1Effectiveness or efficacy is the extent to which planned outcomes, goals, or objectives are achieved as a result of an activity. Effectiveness assumes a field result, efficacy ideal circumstance. Efficiency is the ratio of the output to the inputs of any system. A test with perfect effectiveness and efficacy could be inefficient because of cost or side effects.

2Diagnosis (Greek: διάγνωση, from δια dia- “apart-split”, and γνώση gnosi “to learn, knowledge”) is the identification of the nature of anything, either by process of elimination or other analytical methods.

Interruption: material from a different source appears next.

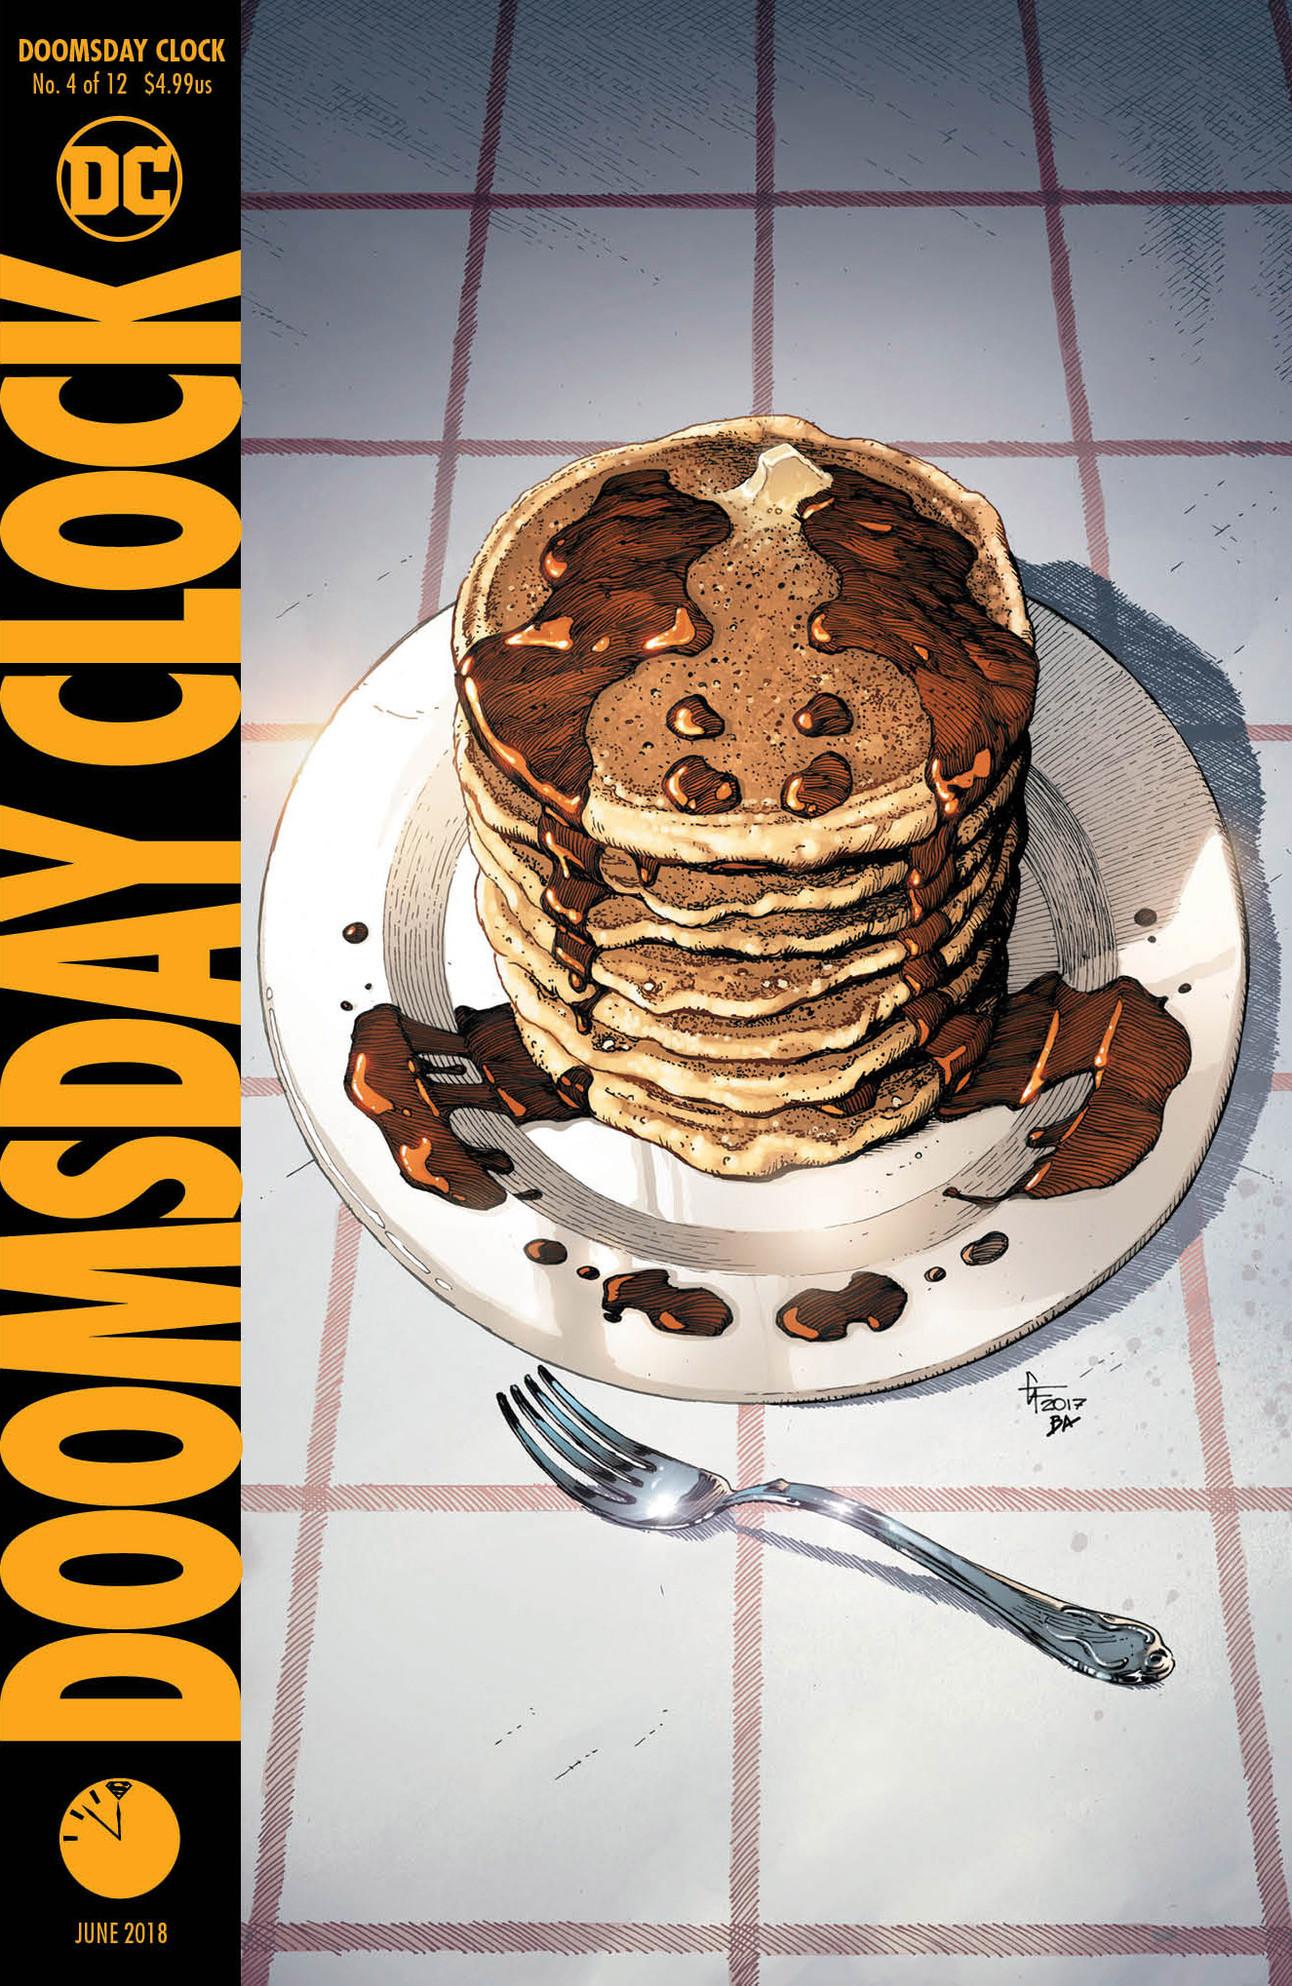 dc_doomsday_clock_4_cover.jpg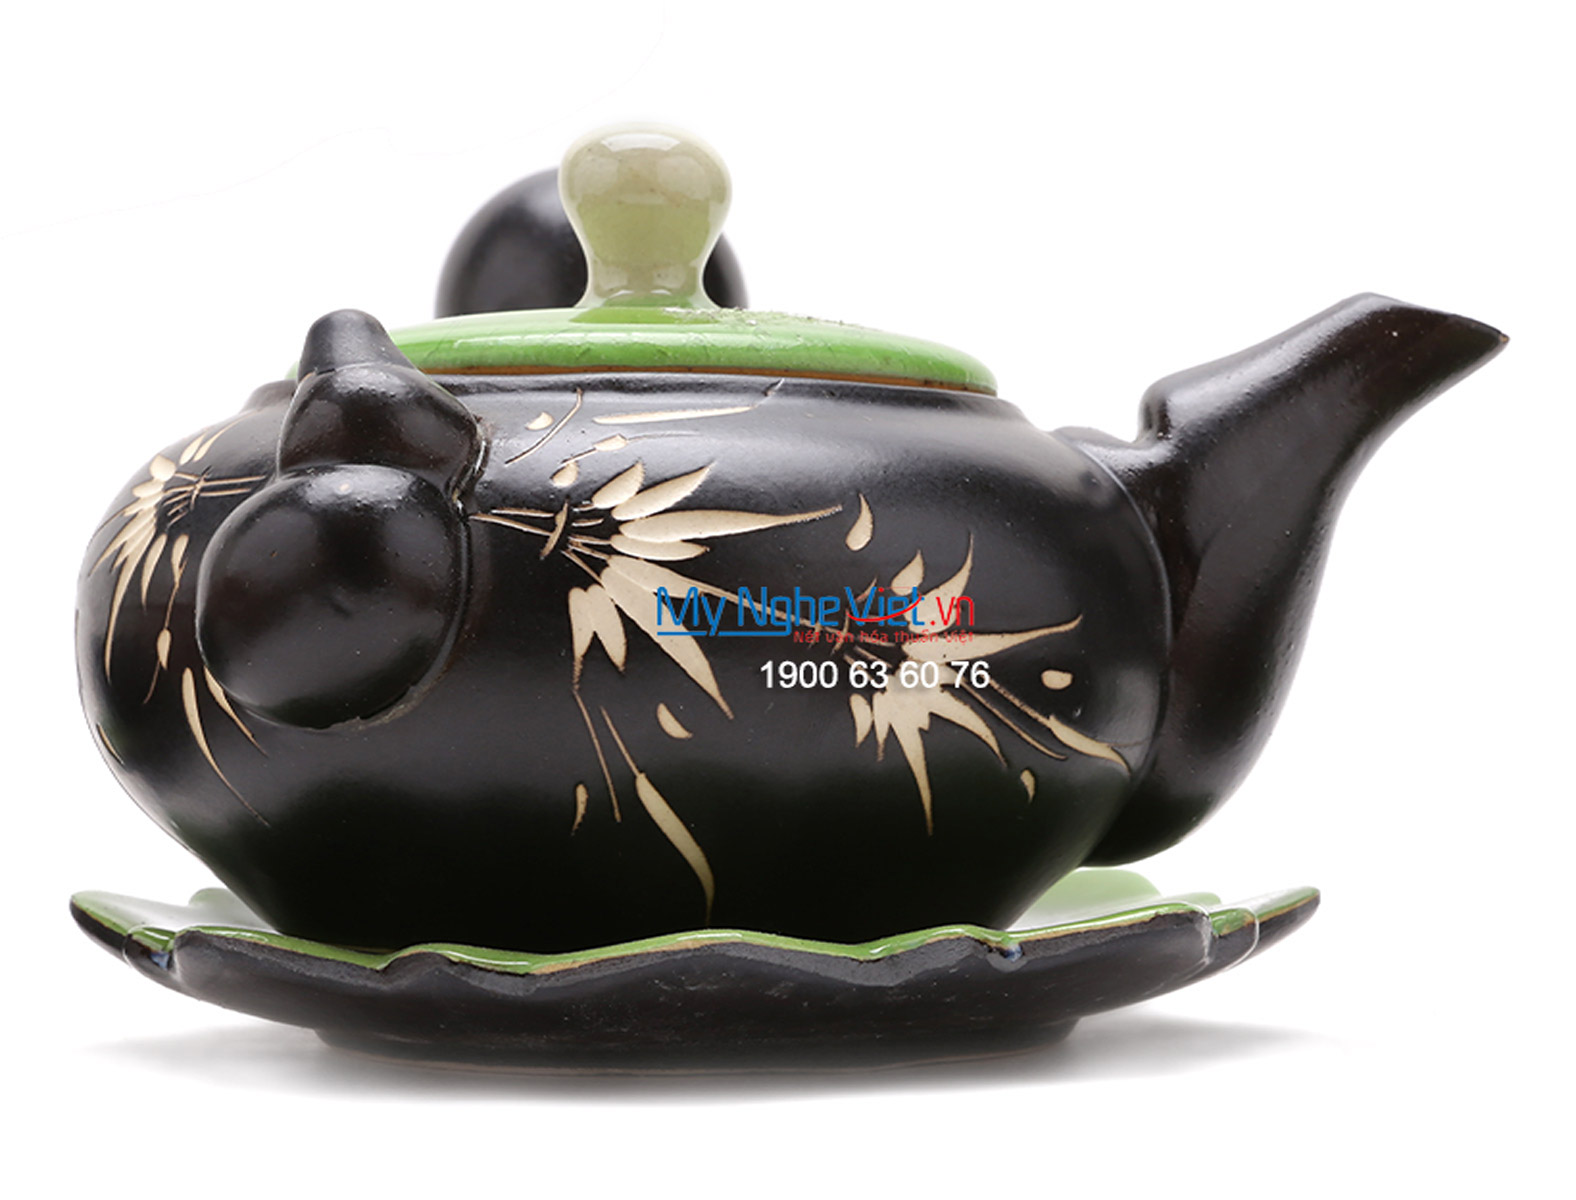 Bat Trang Tea set with Bamboo Pattern for Japanese Tea MNV-TS020

Therefore defining diagnostic techniques are not really diagnostic but classifiers.

3Taxonomy is the practice and science of classification. The word finds its roots in the Greek τάξις, taxis (meaning “order”, “arrangement”) and νόμος, nomos (“law” or “science”). Taxonomy uses taxonomic units, known as taxa (singular taxon)

4Ground truth is a term originally used in remote sensing; it refers to information collected on location. Ground truth allows image data to be related to real features and materials on the ground. In medicine it refers to the verified diagnosis.

5From the mid-17th century via late Latin < Greek prognōsis “knowledge beforehand” < gignōskein “know”.

6The defining diagnosis defines the ground truth; the next best thing is a gold standard.